Money laundering refers to the process by which individuals disguise the original ownership and control of proceeds through making such proceeds appear to be legitimately owned/acquired.
Money laundering involves concealing the act of transforming profits earned from corruption and illegal activities into legitimate assets. The transfer of the concealed property, concealing the nature of the proceeds, the possession of property, or acquisition of the proceedings amidst knowing that the proceedings have been acquired through criminal activity is referred to as money laundering.

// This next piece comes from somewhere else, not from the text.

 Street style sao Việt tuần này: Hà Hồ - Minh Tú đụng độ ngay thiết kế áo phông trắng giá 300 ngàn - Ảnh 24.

The loan-back method of money laundering involves cleaning of money obtained from criminal activities such as insider trading, extortion, illegal gambling, and drug trafficking to appear to have been derived from legal activities in order for financial institutions to deal with it without any suspicion. Money can be laundered using various methods which vary in terms of sophistication and complexity. Loans and mortgages are usually taken as a cover to launder money proceedings, and lump sum cash repayments are used to repay the loans or mortgages.

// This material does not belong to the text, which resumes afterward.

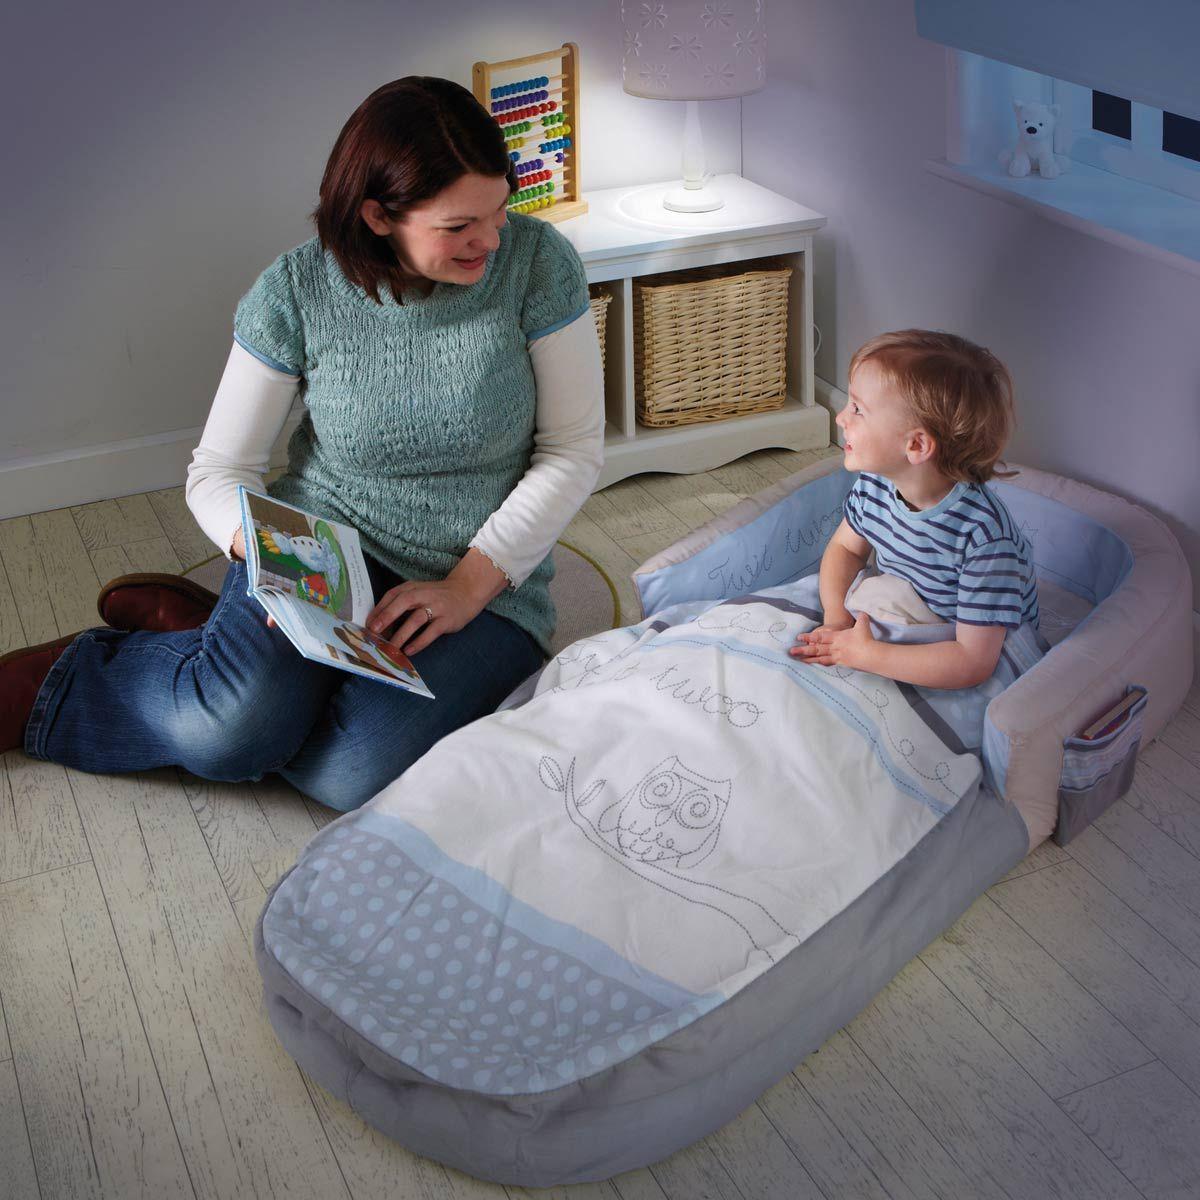 premier lit d 39 appoint hibou pour enfant de 1 an et demi 3 ans oxybul veil et jeux chambre. Black Bedroom Furniture Sets. Home Design Ideas

How Does the Loan Back Method of Money Laundering Work?
The process of money laundering involves three stages: placement, layering, and integration.
- This is the first stage of money laundering where the source of cash is easily misrepresented or disguised. It involves the movement of cash from the source followed by placing it into circulation locally or abroad through casinos, financial institutions, shops, bureaus and other businesses. The process entails:
- Currency smuggling
- Bank complicity
- Currency exchanges
- Securities brokers
- Blending of funds
- Purchase of assets
On the second stage, money launderers make it more difficult to uncover or detect the laundering activity. This is meant to make it difficult for enforcement agencies to uncover or trail the illegal proceeds. The methods of layering include:
- Cash is converted into monetary instruments
- Material assets that have been bought with the laundered cash is the sold
The third stage of money laundering, integration, involves the movement of previously laundered money into the economy through the banking system. This makes the illegitimate money to appear in the normal business earnings. The methods involves in this stage include:
- Property dealing
- Front companies and false loans
- Foreign bank complicity
- False import or export invoices
Historically, money laundering methods have included smurfing, often spread out across different accounts to avoid detection, or the use of wire transfers, currency exchanges, cash smugglers, or mules, to move money across borders. Other methods of laundering including:
- Investing in movable commodities like gold and gems
- Investing in selling valuable assets such as real estate discretely
- Creating shell companies
Although these methods are still currently being used, any money laundering approach always includes modern methods like the internet which helps to create a new spin on the old crime. With internet, money launderers are able to avoid detection.
With the rise of online bank institutions, online payment services from unknown sources, peer-to-peer transfers using mobile phones, and virtual currencies like Bitcoin, detecting money laundry or illegal cash transfer has become more challenging. Most often, the money launderer establishes an apparent legal origin of money through fabrication of transactions like agreements, bookkeeping, and invoices, deeds, reports, and spoken/written statements.
The common methods used to justify money laundering is fabricating a loan, also referred to as back-to-back or loan-back.The most popular loan-back form of laundering money is when criminals borrow their own criminal money. This is usually done through the creation of a loan agreement between the criminal and a third party. Most used third parties are offshore corporations who are controlled by the criminals.